Originally in the office of an NGO, the deaf classroom was moved to a government school to help the Ministry of Education take responsibility for teaching all children, including those with disabilities. Most of the school is made of concrete, but the building housing the deaf classroom (far right) is made of mud mixed with straw.
The building housing the deaf classroom is made by a process called "wattle and daub." It consists of setting up vertical poles with sticks connecting them, and then that framework is covered with a mixture of mud and straw. Holes easily develop in the walls where they are kicked or poked with sticks or when they are softened by water from the leaky roof.
The school principal pointed out that two classes of hearing students are in the same decrepit building with the deaf classroom. He isn't discriminating against the deaf. Rather he just doesn't have any money to provide a better learning space for either deaf or hearing students.
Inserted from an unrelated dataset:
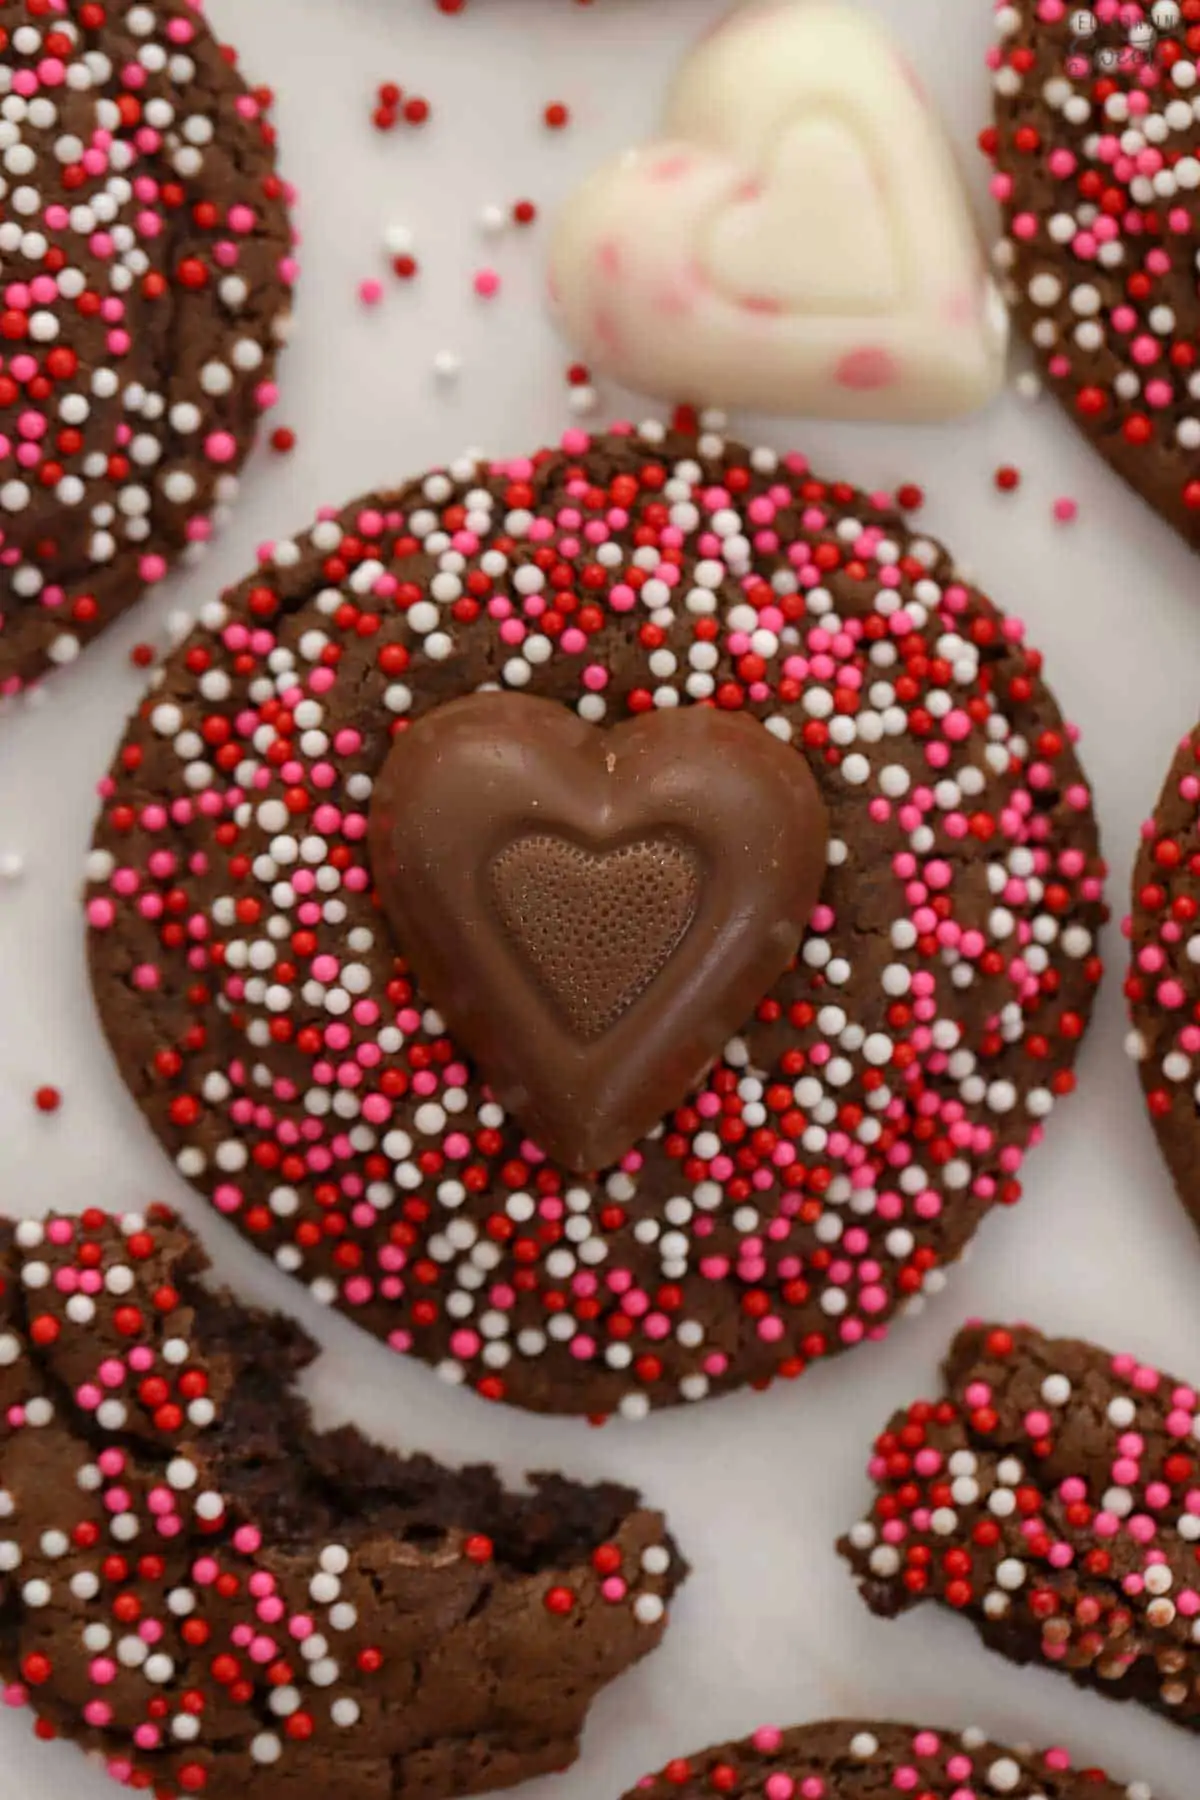 Chocolate cookies covered in red and pink sprinkles topped with chocolate hearts.

The most modern part of the school is the toilet, provided by the Cambodian Red Cross. Surprisingly, it has a western-style toilet in one of the stalls. A ramp for mobility-impaired students is provided, but the doorway and room inside the stall would not be adequate for a student in a wheelchair.
A building is not a school without students. Here the deaf pupils enjoy recess outside their classroom. The students in this class range in age from 10 to 32. (Those are asbestos panels forming the roof.)